Lab 3-01: PyTorch Tensors & Autograd
Learning Goals
- Master tensor operations and their CUDA equivalents
- Understand PyTorch's dynamic computation graph
- Use
autogradto compute gradients manually - Avoid common pitfalls: in-place ops, detach, no_grad
- Profile GPU memory usage with
torch.cuda.memory_summary
Core Concepts
Tensors
import torch
# Creation
x = torch.tensor([1.0, 2.0, 3.0]) # from Python list
x = torch.zeros(3, 4) # zeros
x = torch.randn(2, 3, requires_grad=True) # Gaussian random, tracks gradients
x = torch.arange(12).reshape(3, 4).float()
# Device placement
device = torch.device("cuda" if torch.cuda.is_available() else "cpu")
x = x.to(device)
# or
x = x.cuda() # GPU
x = x.cpu() # back to CPU
Computation Graph
PyTorch builds a directed acyclic graph (DAG) dynamically as ops execute.
Each tensor with requires_grad=True records its creation operation.
x = torch.tensor(2.0, requires_grad=True)
y = x ** 2 + 3 * x + 1 # y = x²+ 3x + 1
y.backward() # dy/dx = 2x + 3
print(x.grad) # tensor(7.) = 2*2 + 3
Gradient Tape (manual backward)
x = torch.randn(3, requires_grad=True)
W = torch.randn(4, 3, requires_grad=True)
b = torch.zeros(4, requires_grad=True)
# Forward pass
z = W @ x + b
loss = z.pow(2).sum()
# Backward pass — PyTorch computes all gradients
loss.backward()
print(W.grad) # dL/dW, shape (4, 3)
print(x.grad) # dL/dx, shape (3,)
torch.no_grad() vs detach()
# no_grad: disable gradient tracking for inference (saves memory, faster)
with torch.no_grad():
pred = model(x) # no gradient computation
# detach: break the graph — use when you want the value without gradient
y = x.detach().numpy() # convert to numpy
# grad_fn shows you what op created the tensor
x = torch.randn(3, requires_grad=True)
y = x.sin()
print(y.grad_fn) # <SinBackward0 object>
In-Place Operations — Common Pitfall
x = torch.randn(3, requires_grad=True)
# BAD: in-place modifies the tensor autograd needs for backward
x += 1 # RuntimeError: a leaf Variable that requires grad has been used in an in-place operation
# GOOD: create a new tensor
x = x + 1
CUDA Memory Management
# Check memory
print(torch.cuda.memory_allocated() / 1e6, "MB allocated")
print(torch.cuda.max_memory_allocated() / 1e6, "MB peak")
# Free cache
torch.cuda.empty_cache()
# Memory profiling context
with torch.profiler.profile(
activities=[torch.profiler.ProfilerActivity.CUDA],
profile_memory=True,
) as prof:
y = model(x)
print(prof.key_averages().table(sort_by="cuda_memory_usage", row_limit=10))
Interview Questions
Q: What is the computation graph in PyTorch?
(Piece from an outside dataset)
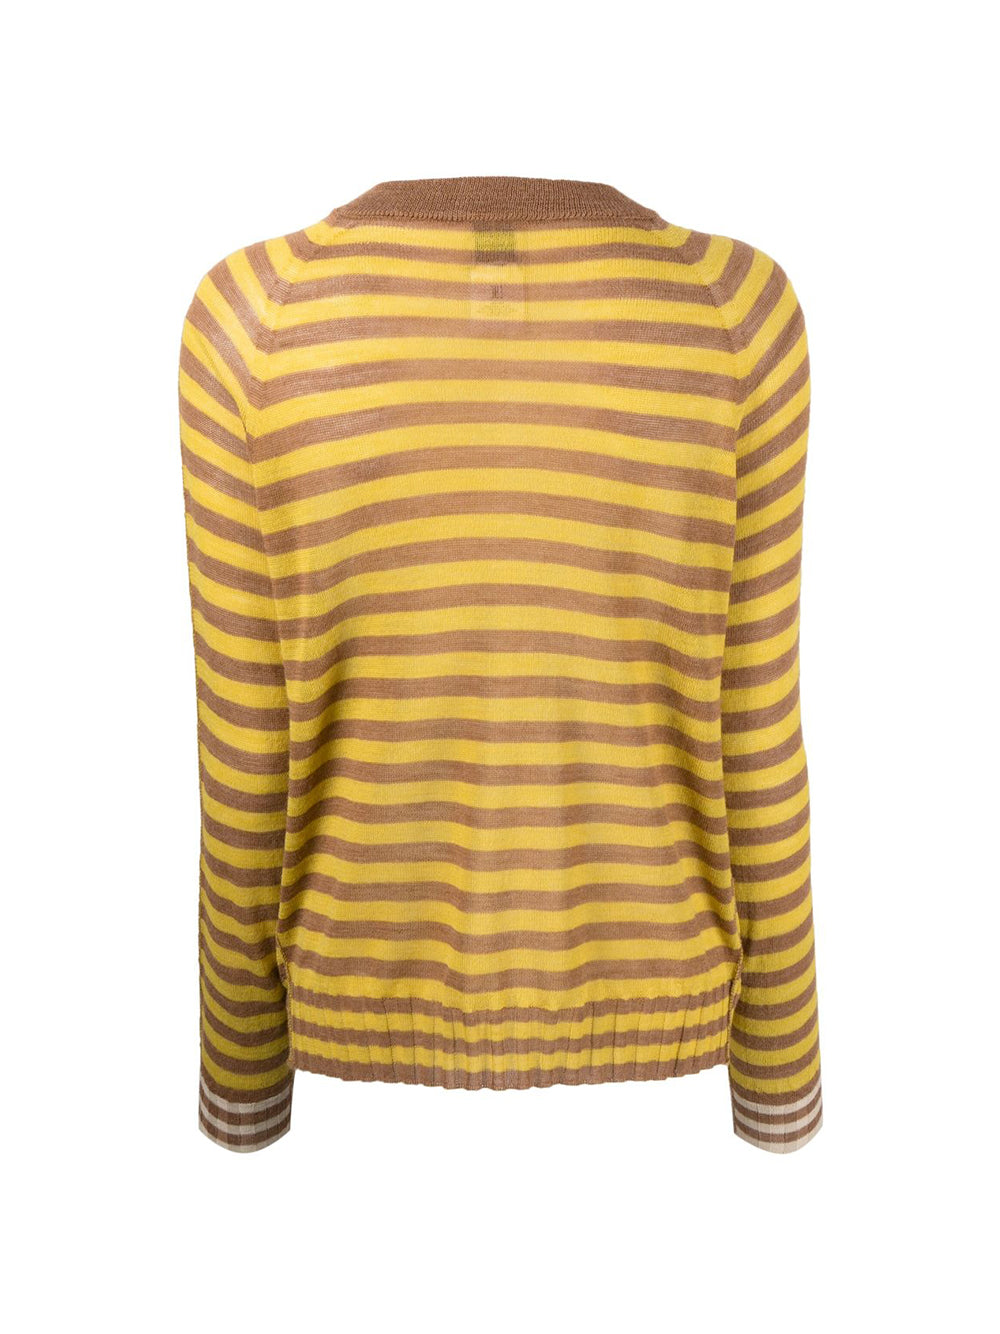 Stripes Boxy Yellow Sweater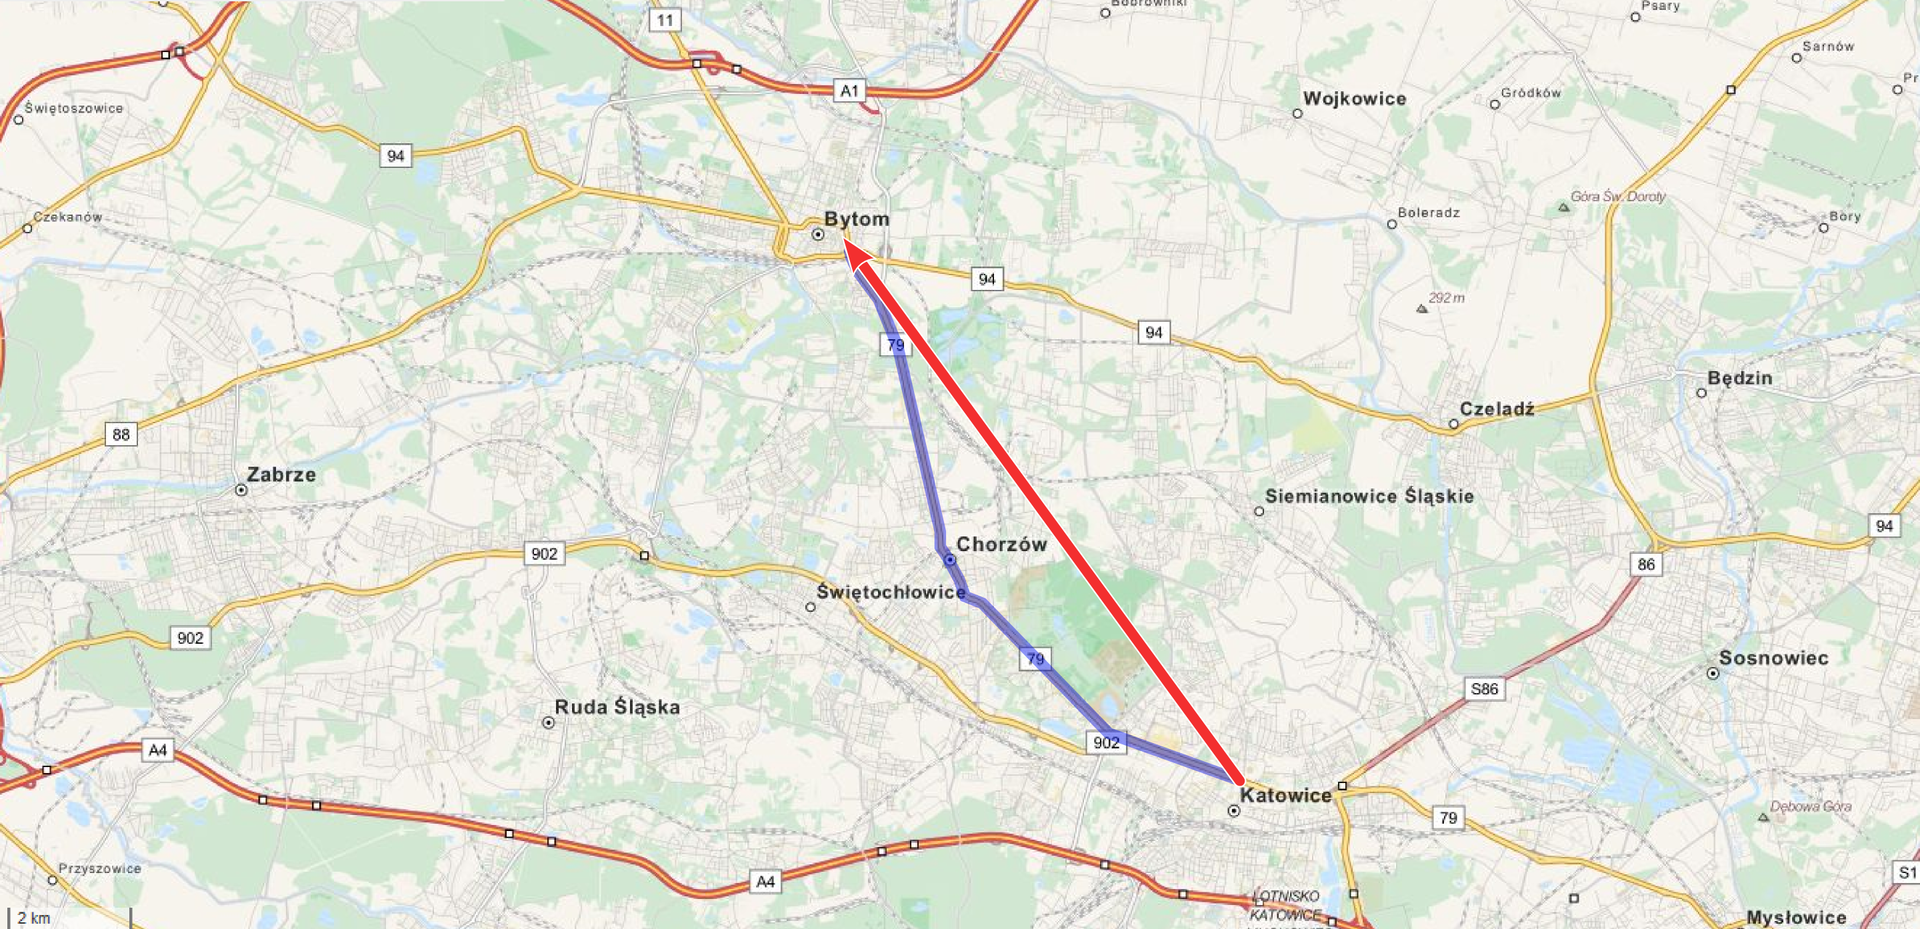 Ilustracja przedstawia fragment mapy Górnego Śląska. Na mapie zaznaczono niebieskim kolorem fragment drogi nr 79, na odcinku między Bytomiem a Katowicami. Droga ta wiedzie przez Chorzów. Katowice są na południowy wschód od Bytomia. Od Katowic do Bytomia zaznaczony jest wektor, ze zwrotem na Bytom. Ponieważ droga wiedzie lekko o łuku widać, że jest ona większa niż przemieszczenie, które liczy się w linii prostej.

How does it differ from TensorFlow 1.x?
A: PyTorch uses a dynamic (define-by-run) computation graph built at runtime during the forward pass. TF1 used a static graph defined before execution. Dynamic graphs enable Python control flow (if/else, loops) in model forward passes and easier debugging.
Q: What does .detach() do?
A: It returns a new tensor with the same data but without gradient tracking. Use it to: (1) convert to numpy; (2) prevent gradients flowing into part of the graph (e.g., frozen encoder); (3) implement stop-gradient operations.
Q: Why does zero_grad() need to be called before backward()?
A: PyTorch accumulates gradients by default. Without zero_grad(), each backward pass adds to existing gradients. This is useful for gradient accumulation (simulating larger batch sizes), but must be reset at the start of each update step.
Q: What's the difference between model.eval() and torch.no_grad()?
A: model.eval() changes the behavior of layers like BatchNorm (use running stats instead of batch stats) and Dropout (disable it). torch.no_grad() disables gradient computation to save memory and time. For inference, you typically want both.